### DATA FOR THIS EXERCISE
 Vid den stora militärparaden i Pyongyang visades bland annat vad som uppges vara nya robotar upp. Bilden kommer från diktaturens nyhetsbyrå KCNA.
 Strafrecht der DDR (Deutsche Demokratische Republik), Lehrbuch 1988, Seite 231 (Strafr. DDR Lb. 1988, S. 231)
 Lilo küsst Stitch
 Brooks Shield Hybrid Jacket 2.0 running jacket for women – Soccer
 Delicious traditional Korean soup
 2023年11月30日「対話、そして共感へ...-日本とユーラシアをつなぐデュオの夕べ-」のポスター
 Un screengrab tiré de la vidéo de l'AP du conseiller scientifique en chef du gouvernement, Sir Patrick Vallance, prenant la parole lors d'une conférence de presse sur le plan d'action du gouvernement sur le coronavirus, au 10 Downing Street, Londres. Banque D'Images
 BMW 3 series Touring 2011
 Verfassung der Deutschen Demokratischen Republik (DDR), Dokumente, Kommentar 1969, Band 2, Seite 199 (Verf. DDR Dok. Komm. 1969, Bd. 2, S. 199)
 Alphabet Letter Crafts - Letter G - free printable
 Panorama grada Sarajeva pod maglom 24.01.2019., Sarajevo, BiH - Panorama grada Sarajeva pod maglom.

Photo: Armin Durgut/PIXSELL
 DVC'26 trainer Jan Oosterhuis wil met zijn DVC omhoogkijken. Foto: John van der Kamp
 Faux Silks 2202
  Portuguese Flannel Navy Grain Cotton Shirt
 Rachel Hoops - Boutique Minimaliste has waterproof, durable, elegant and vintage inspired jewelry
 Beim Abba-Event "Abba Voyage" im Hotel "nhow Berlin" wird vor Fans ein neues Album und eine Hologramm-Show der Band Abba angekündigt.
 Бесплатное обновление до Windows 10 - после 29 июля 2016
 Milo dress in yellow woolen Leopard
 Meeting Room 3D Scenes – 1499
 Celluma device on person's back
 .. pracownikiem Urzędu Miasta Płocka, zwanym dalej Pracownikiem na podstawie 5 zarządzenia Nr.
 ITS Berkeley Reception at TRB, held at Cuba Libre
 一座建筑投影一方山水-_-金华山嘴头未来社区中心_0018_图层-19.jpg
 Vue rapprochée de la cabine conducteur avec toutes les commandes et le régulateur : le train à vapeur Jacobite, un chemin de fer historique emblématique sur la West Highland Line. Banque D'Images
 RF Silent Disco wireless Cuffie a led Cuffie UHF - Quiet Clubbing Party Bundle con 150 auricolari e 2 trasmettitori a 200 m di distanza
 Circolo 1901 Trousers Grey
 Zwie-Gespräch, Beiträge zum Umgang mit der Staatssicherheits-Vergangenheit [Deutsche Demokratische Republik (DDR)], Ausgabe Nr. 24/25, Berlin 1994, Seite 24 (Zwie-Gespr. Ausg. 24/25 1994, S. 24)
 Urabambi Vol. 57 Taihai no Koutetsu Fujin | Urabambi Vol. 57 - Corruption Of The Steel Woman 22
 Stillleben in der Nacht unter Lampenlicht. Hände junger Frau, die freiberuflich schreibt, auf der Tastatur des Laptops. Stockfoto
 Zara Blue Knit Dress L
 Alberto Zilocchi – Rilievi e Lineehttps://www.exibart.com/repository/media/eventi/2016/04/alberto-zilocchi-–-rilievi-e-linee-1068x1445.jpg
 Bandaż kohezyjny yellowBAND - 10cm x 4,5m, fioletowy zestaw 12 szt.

### DIRECTIONS FOR THIS TASK
Will you return exactly the lines above from the one with "DVC'26 trainer Jan" down to the one with "Zwie-Gespräch, Beiträge zum", counting both as part of the range?

### RESULT BELOW
 DVC'26 trainer Jan Oosterhuis wil met zijn DVC omhoogkijken. Foto: John van der Kamp
 Faux Silks 2202
  Portuguese Flannel Navy Grain Cotton Shirt
 Rachel Hoops - Boutique Minimaliste has waterproof, durable, elegant and vintage inspired jewelry
 Beim Abba-Event "Abba Voyage" im Hotel "nhow Berlin" wird vor Fans ein neues Album und eine Hologramm-Show der Band Abba angekündigt.
 Бесплатное обновление до Windows 10 - после 29 июля 2016
 Milo dress in yellow woolen Leopard
 Meeting Room 3D Scenes – 1499
 Celluma device on person's back
 .. pracownikiem Urzędu Miasta Płocka, zwanym dalej Pracownikiem na podstawie 5 zarządzenia Nr.
 ITS Berkeley Reception at TRB, held at Cuba Libre
 一座建筑投影一方山水-_-金华山嘴头未来社区中心_0018_图层-19.jpg
 Vue rapprochée de la cabine conducteur avec toutes les commandes et le régulateur : le train à vapeur Jacobite, un chemin de fer historique emblématique sur la West Highland Line. Banque D'Images
 RF Silent Disco wireless Cuffie a led Cuffie UHF - Quiet Clubbing Party Bundle con 150 auricolari e 2 trasmettitori a 200 m di distanza
 Circolo 1901 Trousers Grey
 Zwie-Gespräch, Beiträge zum Umgang mit der Staatssicherheits-Vergangenheit [Deutsche Demokratische Republik (DDR)], Ausgabe Nr. 24/25, Berlin 1994, Seite 24 (Zwie-Gespr. Ausg. 24/25 1994, S. 24)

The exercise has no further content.